Monday, 2 November 2009

Arbutus


On a recent trip to London, my mom and I were searching for an easy, reasonable pre-theatre menu, and Soho's Arbutus ticked both boxes.

The interiors are welcoming, the staff friendly, helpful, and prompt, and the food is reflective of Anthony Demetre's Michelin etoile earned at Putney Bridge Restaurant. Demetre has worked with Will Smith since 1998, and it has been a match that, judging by our recent meal, has worked brilliantly. Demetre's menu is straightforward and comforting without being predictable or boring.

My 'vegetable soup' starter was actually a soupe au pistou, with a dollop of pesto hiding beneath carefully arranged vegetables that had to have been cooked separately from the broth because they were just barely still crisp and the broth worked as a compliment rather than a liquified version of the mushy veggie flavours (as, sadly, so many vegetable soups turn out to be).

Our main (we chose identically) was billed as 'Slow cooked lamb breast, potato puree'. But it was more. Oh, so much more. The layers of breast had been flash sauteed to crisp the meat and then layered into a terrine and braised. With the potato on the side, it was more like a deconstructed lamb brandade, with the carrots seasoned simply (and with copious amounts of butter...which was surely the secret to the potatoes as well).

Will Smith's part in all of this was equally praiseworthy.

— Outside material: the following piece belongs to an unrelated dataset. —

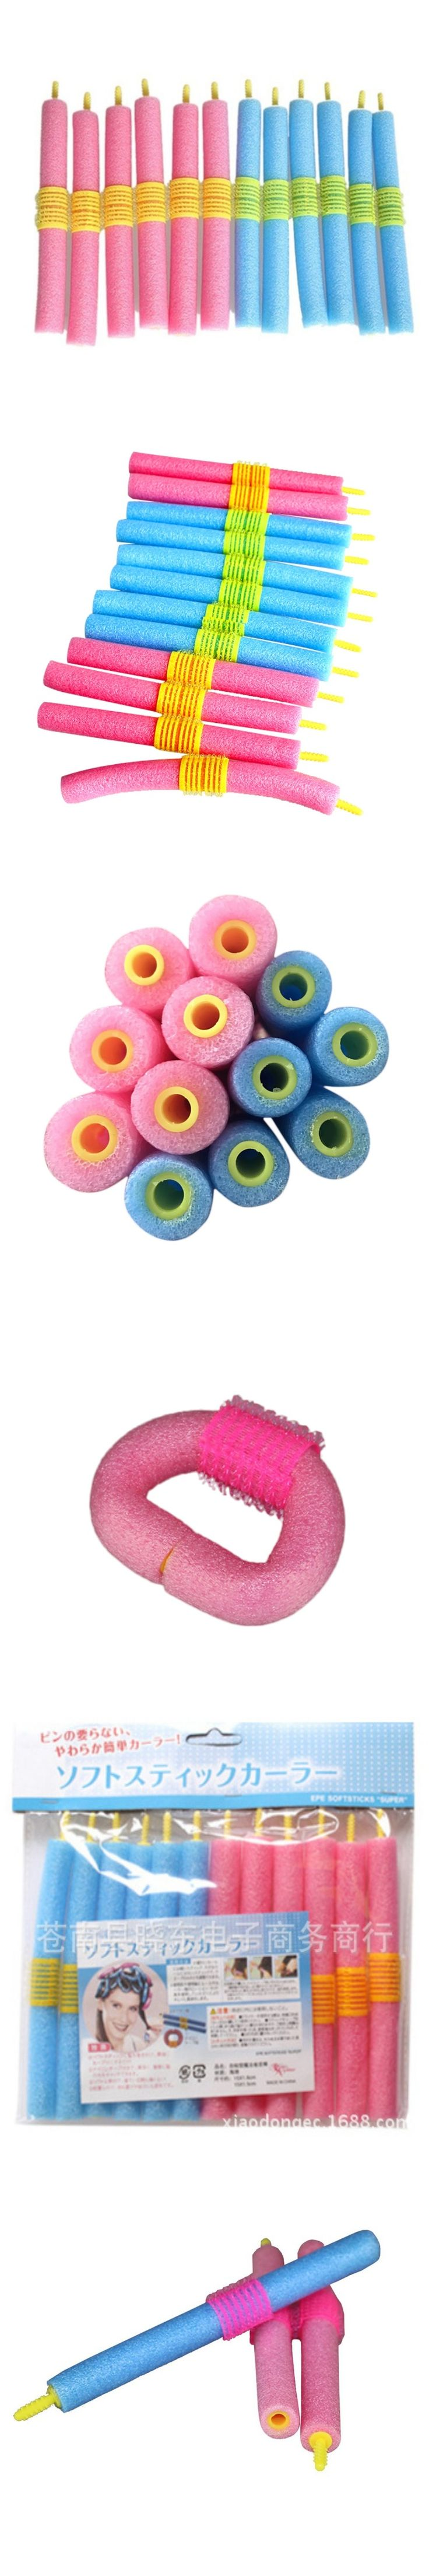 12pcs/lot New Foam Curler Magical Anion Hair Curler Soft Pearl Sponge Hair Care Styling Roll Stick Roller Curler
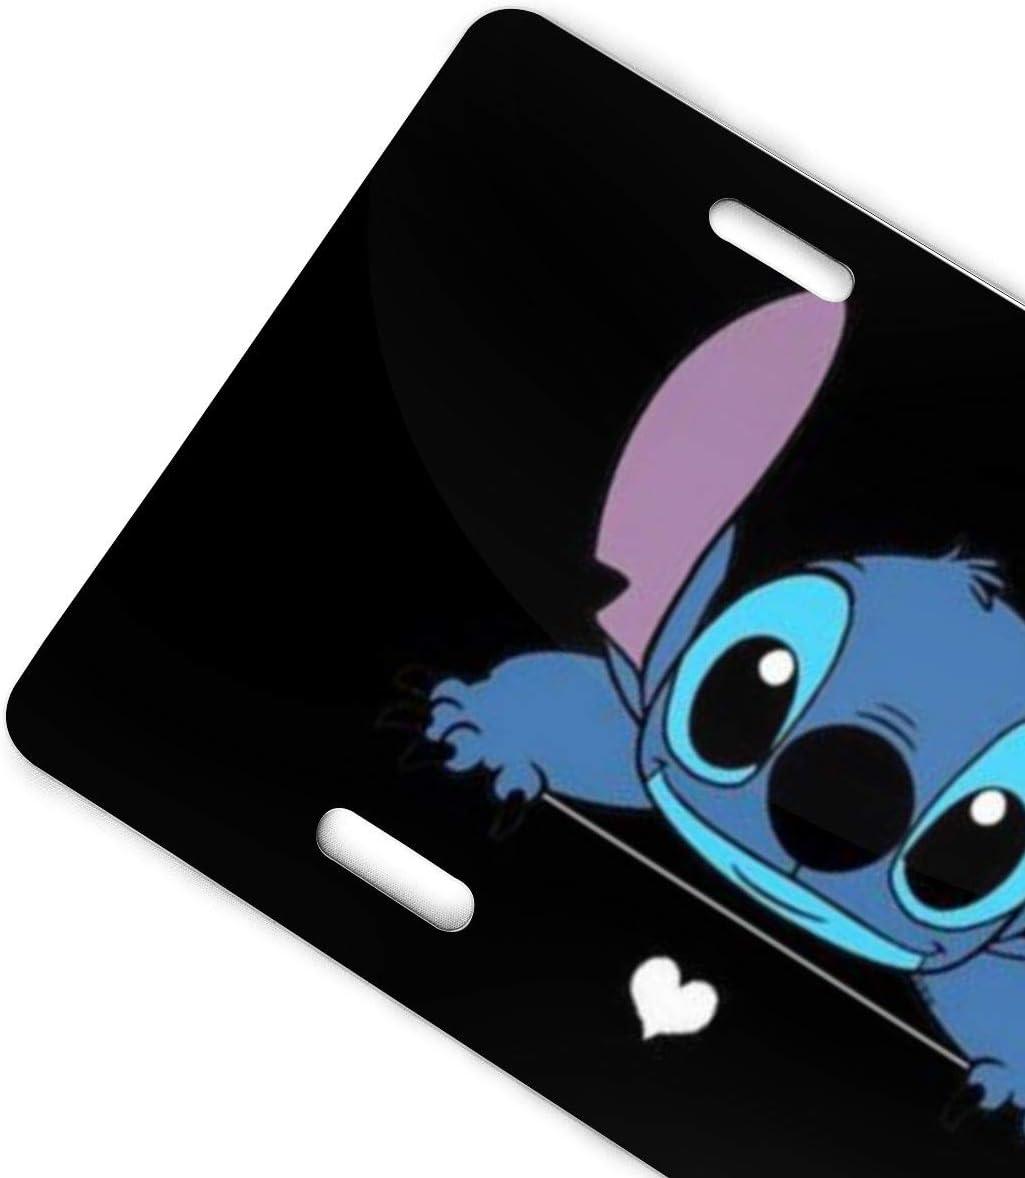 Stitch Ice Cream License Plate Sign Tag Car Accessories 12 X 6 in

The pair's philosophy is 'value for money and quality', and Smith's wine list is evidence that they intend to stay true to it. The approximately 25 reds and 25 whites are listed in 1/3 bottle-sized carafes, and not a one struck me as unreasonably priced. Also, for a party of three or four, the 1/3 bottle makes it possible to pair every course with something different.

Unfortunately, I ate dessert too quickly to take a picture, but let that be proof in the pudding that it was something splendid. It was a creme caramel that was one part flan, one part apple crumble, and served with a slender biscotti with which to scoop up layers of caramelised apple (and, I think, a wee bit of pear) and delightfully light vanilla creme.

Oh, and the bill? 18.95 GBP per person. Granted, this was without wine, but Arbutus, in my opinion, is the best pre-theatre spot for a Drury Lane show.

Now, go eat and GO SEE THE WAR HORSE.